▸ **SUPPLIED INFORMATION**
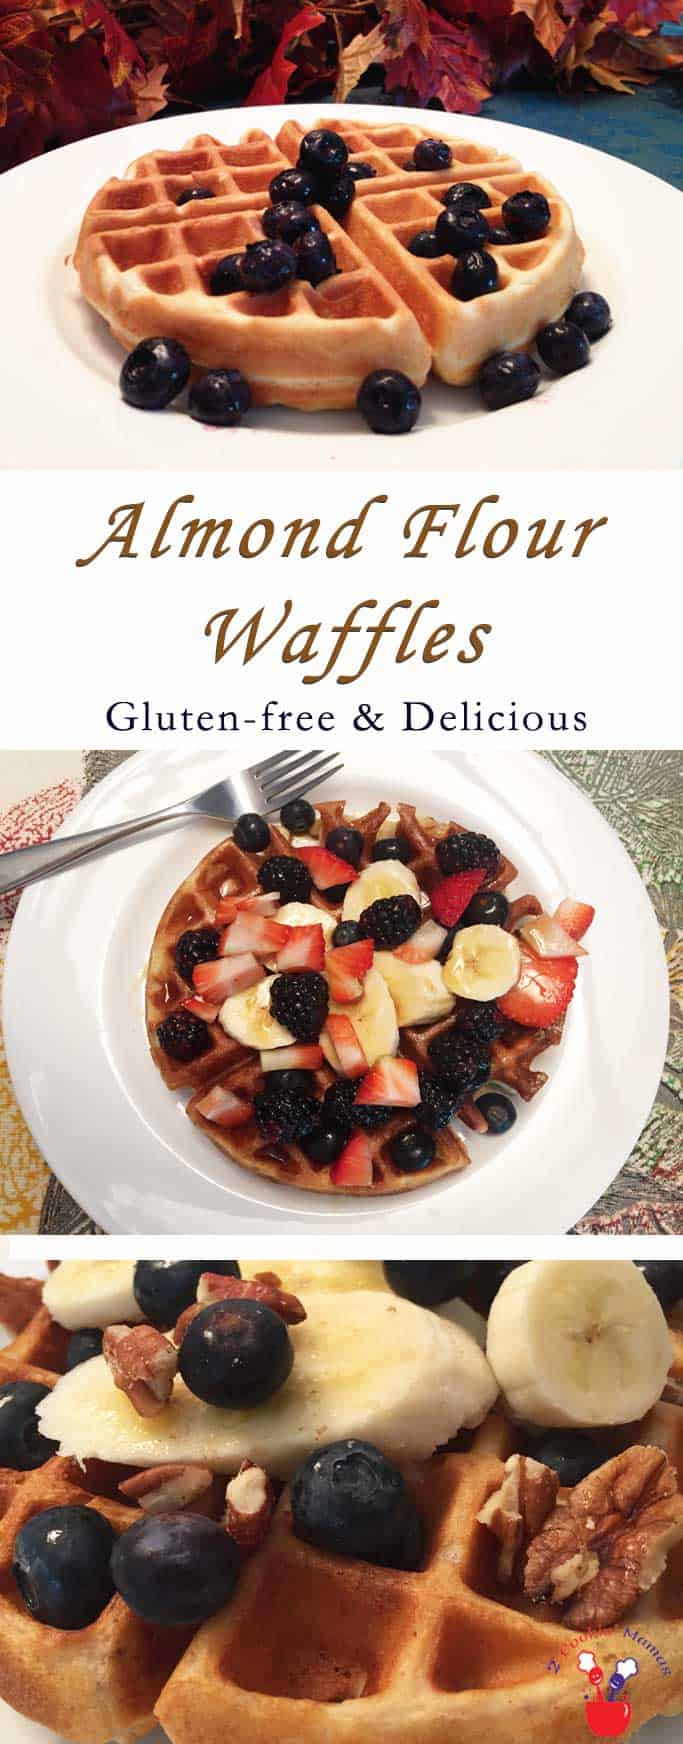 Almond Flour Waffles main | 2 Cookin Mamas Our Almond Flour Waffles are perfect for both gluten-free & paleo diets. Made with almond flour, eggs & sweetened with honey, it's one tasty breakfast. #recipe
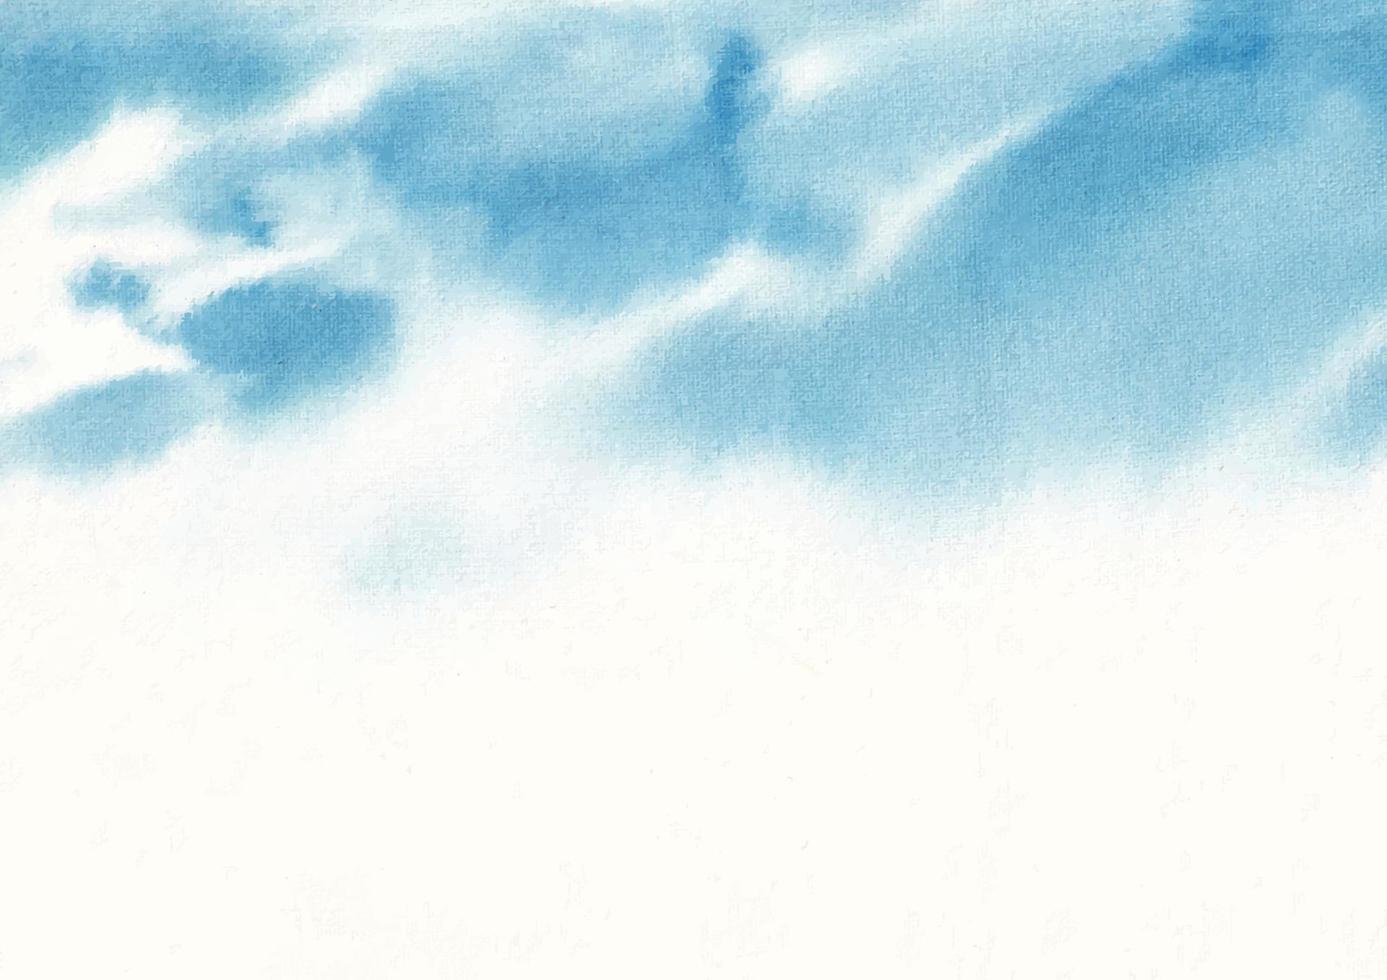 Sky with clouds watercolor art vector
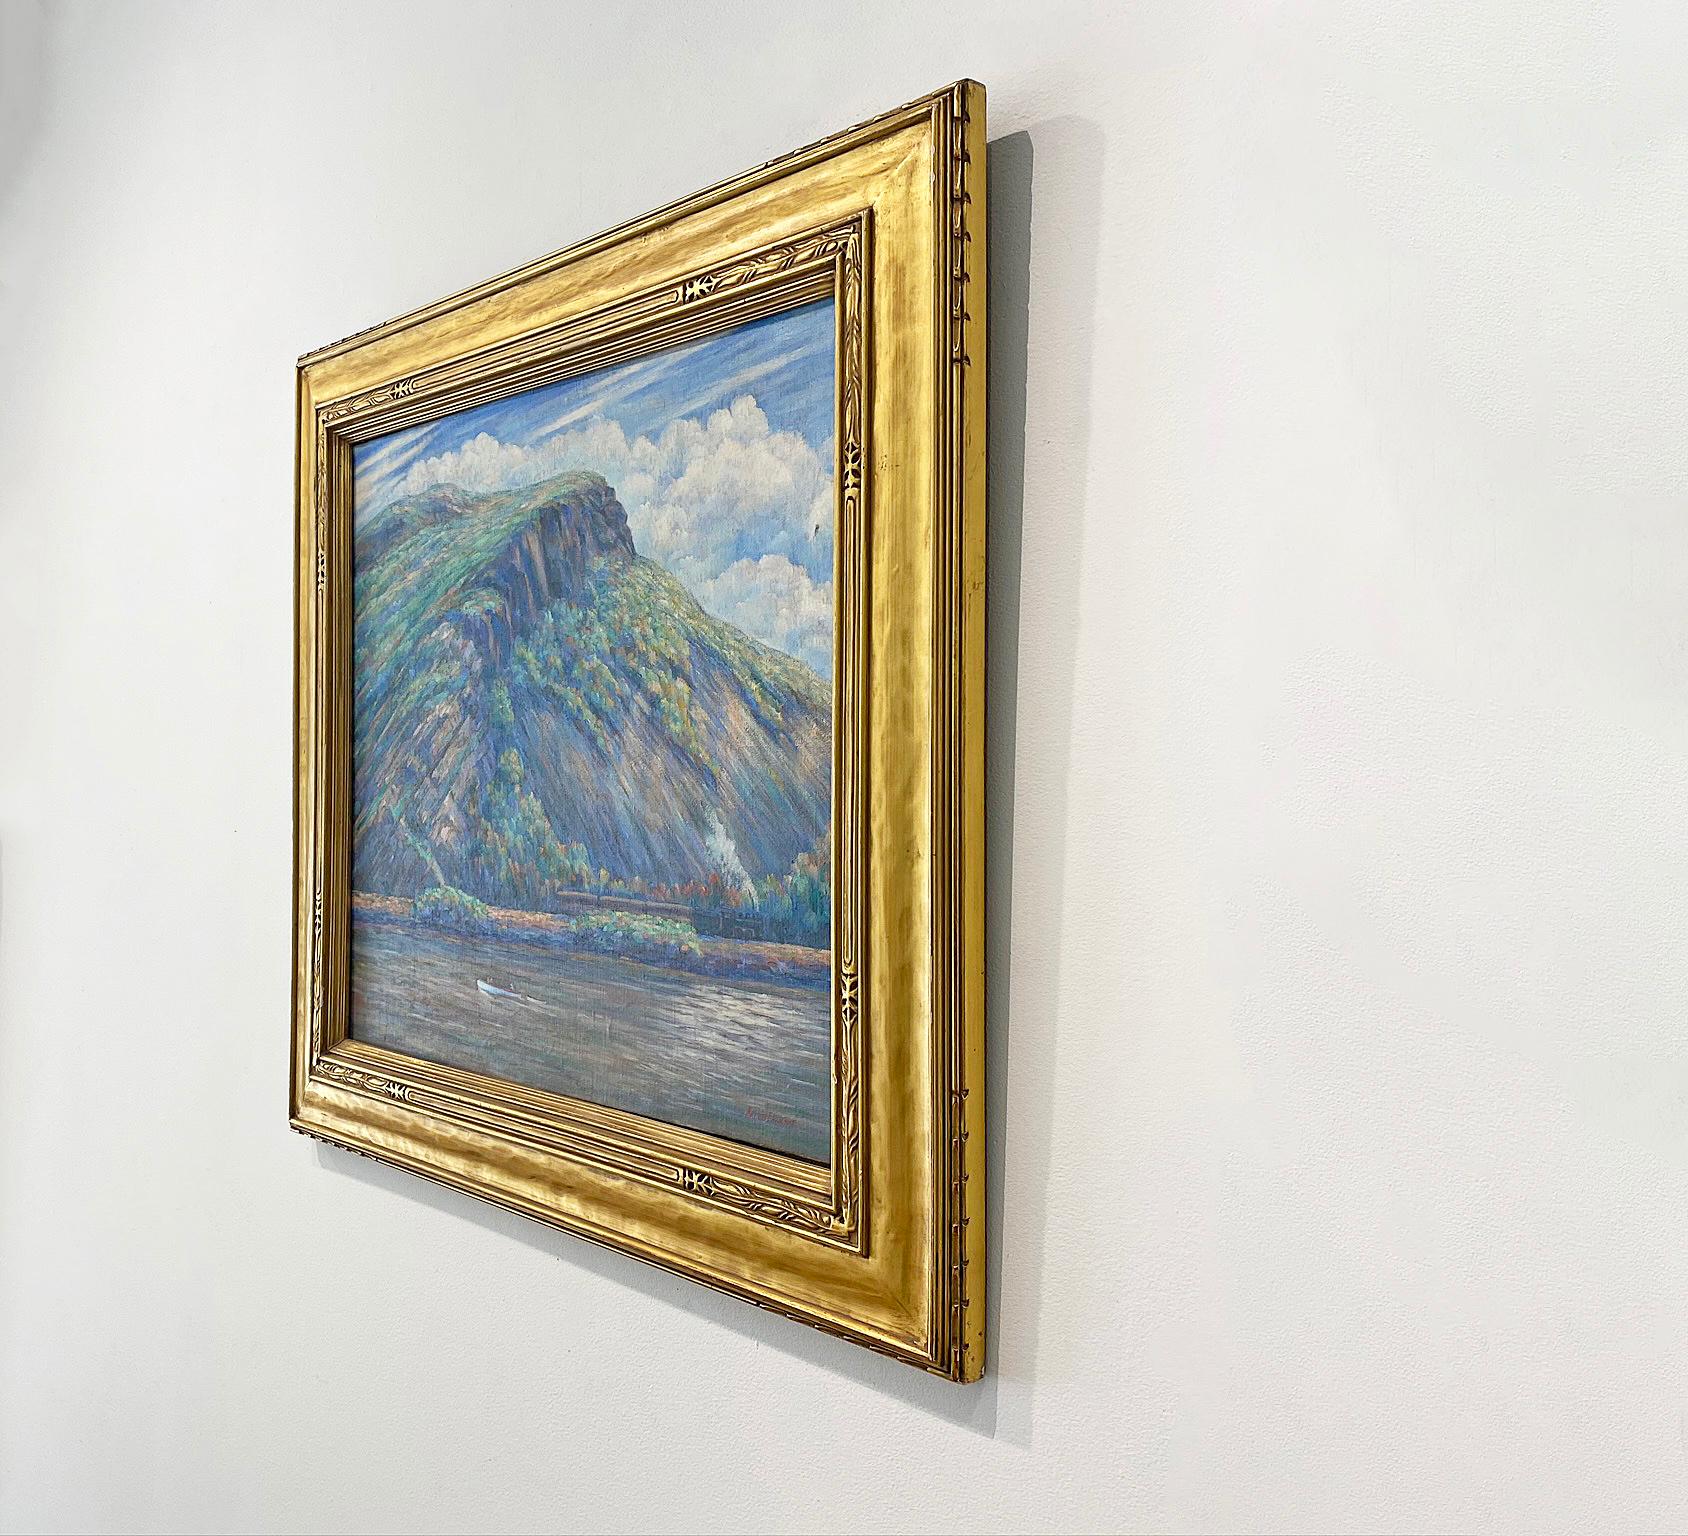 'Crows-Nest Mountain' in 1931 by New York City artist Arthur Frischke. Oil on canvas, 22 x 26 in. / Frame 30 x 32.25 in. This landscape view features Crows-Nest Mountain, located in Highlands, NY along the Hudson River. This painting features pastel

▸ **TASK PROMPT**
The expected output is the exact run of lines from the one containing "Sky with clouds watercolor art vector" through the final line of the data above, both ends included, with no pictures.

▸ **WRITTEN RESPONSE**
 Sky with clouds watercolor art vector
 'Crows-Nest Mountain' in 1931 by New York City artist Arthur Frischke. Oil on canvas, 22 x 26 in. / Frame 30 x 32.25 in. This landscape view features Crows-Nest Mountain, located in Highlands, NY along the Hudson River. This painting features pastel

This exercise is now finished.